В определенный момент писатель натыкается на эмигранта в самом себе и смиряется. Статус, именуемый эмиграцией, фактически становится его истинным статусом. Попав в замкнутый круг, писатель возвращается к своему истинному прибежищу.
Именно культура русского авангарда наиболее страстно ухватилась за представление о художнике как об изменнике и о художественном произведении как о свидетельстве измены. Эта культура выработала изощренную тактику измены установленным эстетическим принципам и литературным традициям. Искусство наделялось непререкаемой автономией, и для защиты этой автономии любые средства были хороши. Основополагающим эстетическим принципом русской авангардной литературы явилась дефамилиаризация, остранение, отчуждение, предательство читательских ожиданий.
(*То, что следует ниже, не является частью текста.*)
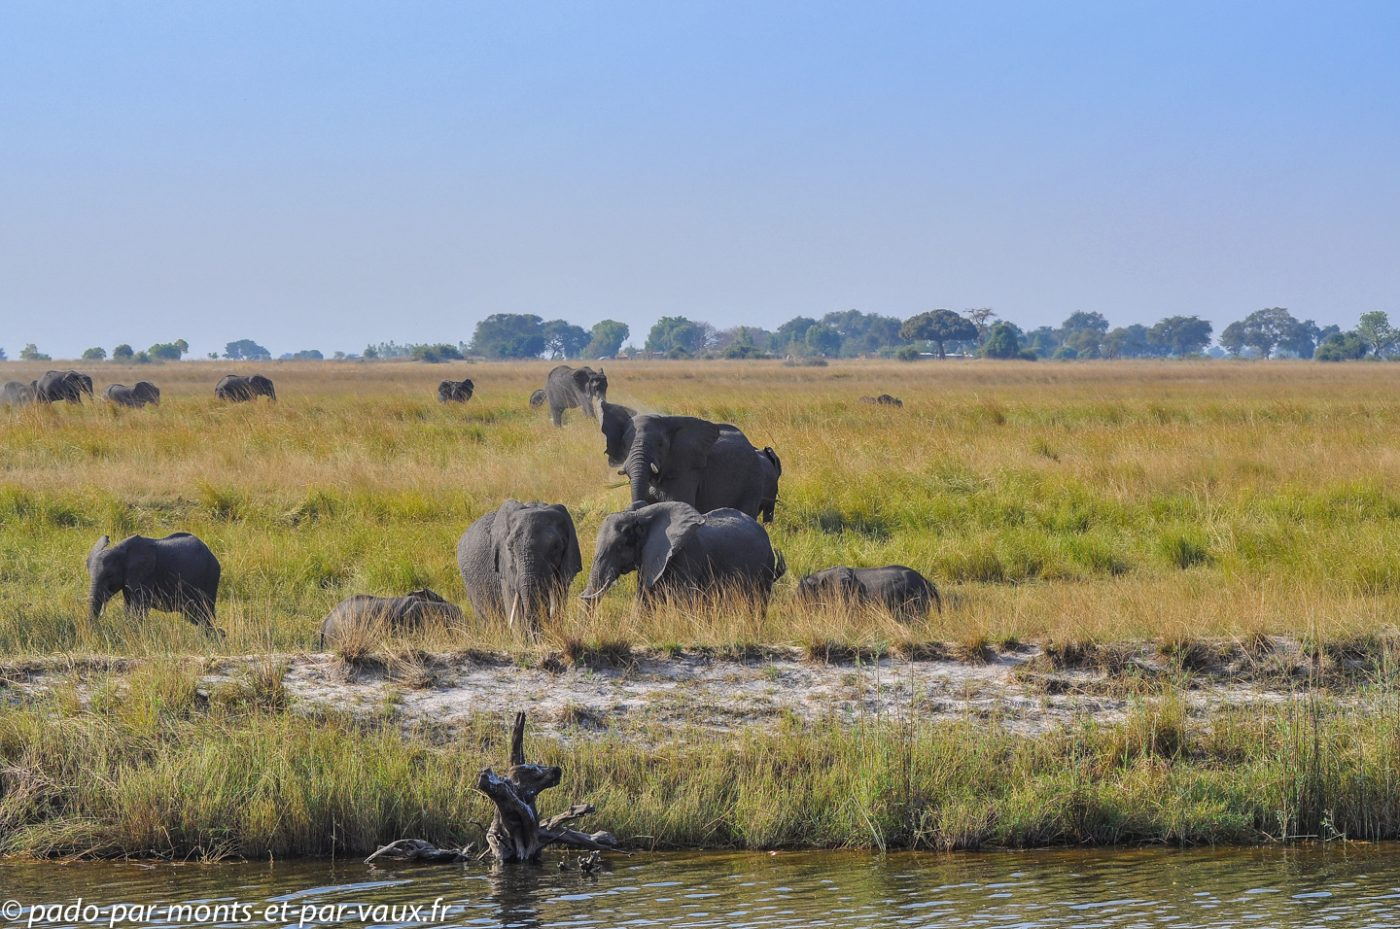 Rivière Chobe - Elephants

В этом смысле писатель выступал в роли изменника, а образ предательства стал эмблемой истинного произведения искусства.
Двойная эмиграцияРодина? Но ведь каждая неординарная личность считалась чужаком даже в собственном доме как раз в силу своей неординарности. Читатели? Но ведь писатели всегда писали уж во всяком случае не «для» читателя, а, скорее, «вопреки» ему. Почет, успех известность, слава? Но ведь писатели именно потому и стали известными, что себя они ценят выше своего успеха. (Витольд Гомбрович [40])
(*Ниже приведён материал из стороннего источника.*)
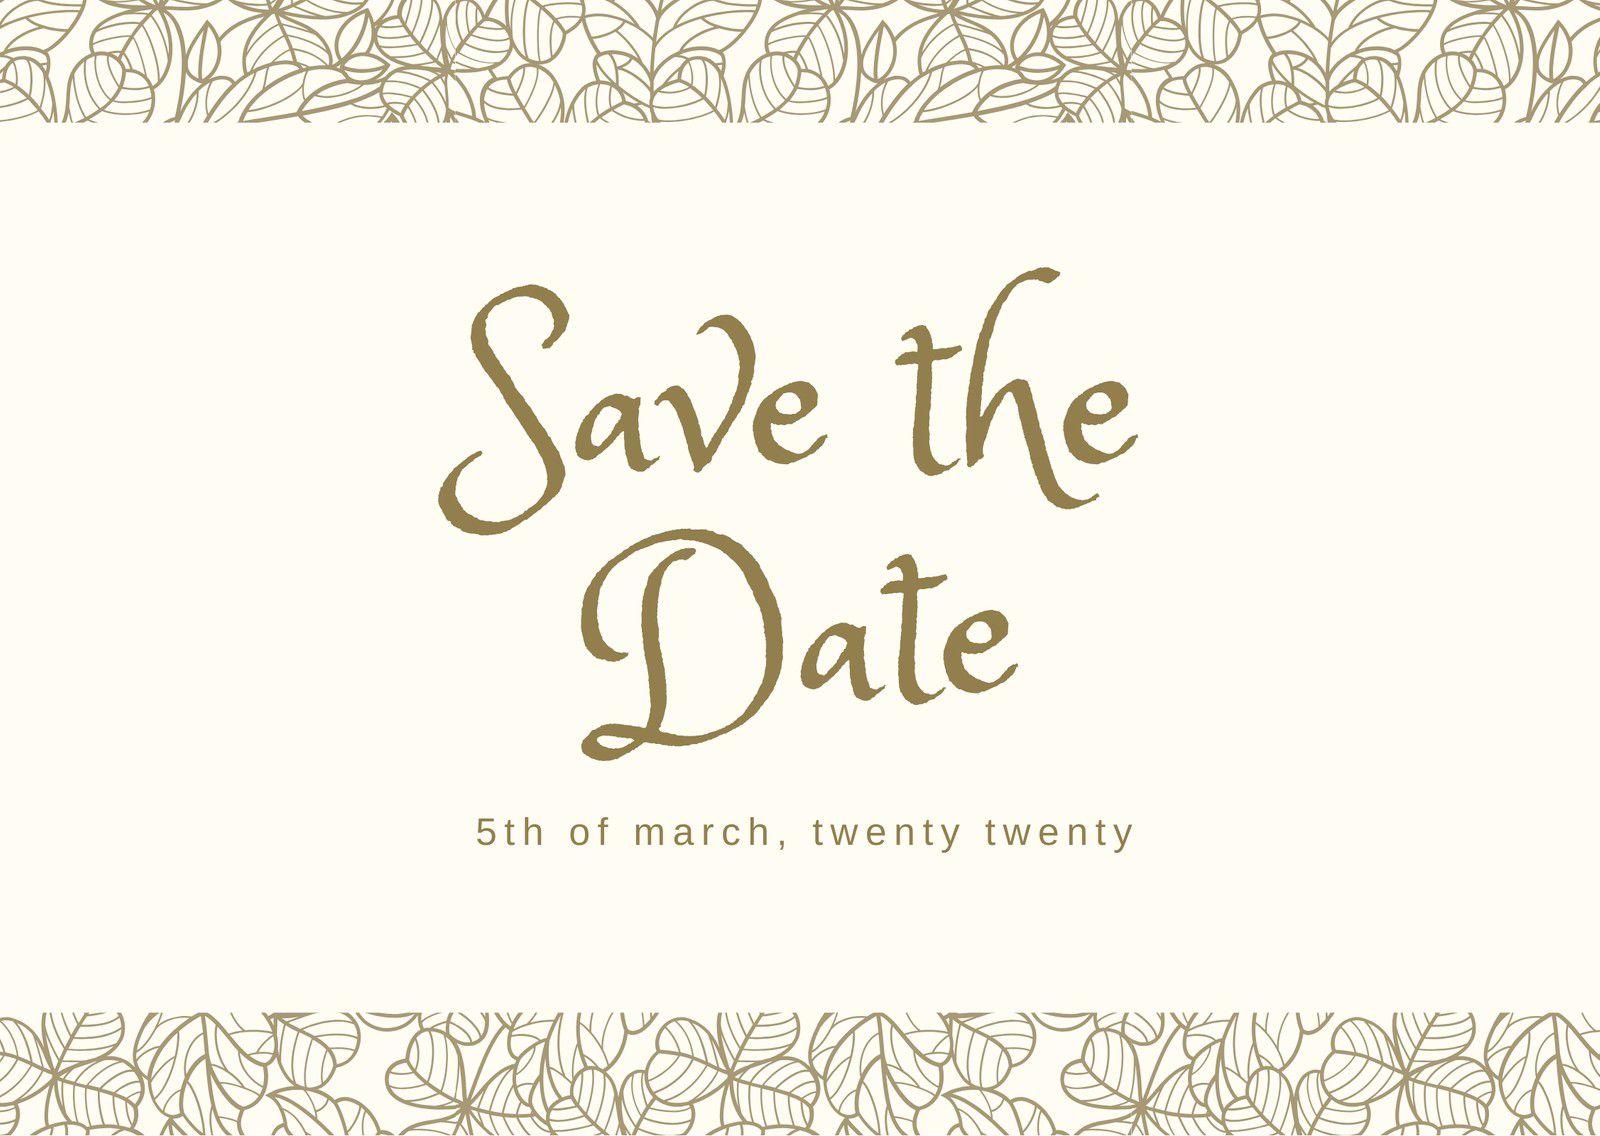 002 Striking Save The Date Postcard Template High Definition  Diy Free BirthdayFull

Оказавшись на современном литературном рынке, писатель-эмигрант с его устоявшимися художественными принципами постепенно понимает, что на самом деле он оказался в двойной эмиграции. Ибо «представители литературной эмиграции» – это как раз те писатели, которых литературный рынок понимает в последнюю очередь. Литературный рынок требует, чтобы люди приспосабливались к законам производства книг. Как правило, непокорных художников этот рынок не выносит, как не выносит всяких экспериментаторов, эстетов– ниспровергателей, последователей необычных методов литературного повествования. Литературный рынок награждает эстетически покладистых, приспосабливающихся, усердных, уважающих литературные нормы. Литературный рынок отвергает устаревшие представления о произведении искусства как об уникальном, неповторимом, глубоко индивидуальном художественном творении. В условиях литературной индустрии писатели – безропотные трудяги, всего лишь звенья в производственной цепи.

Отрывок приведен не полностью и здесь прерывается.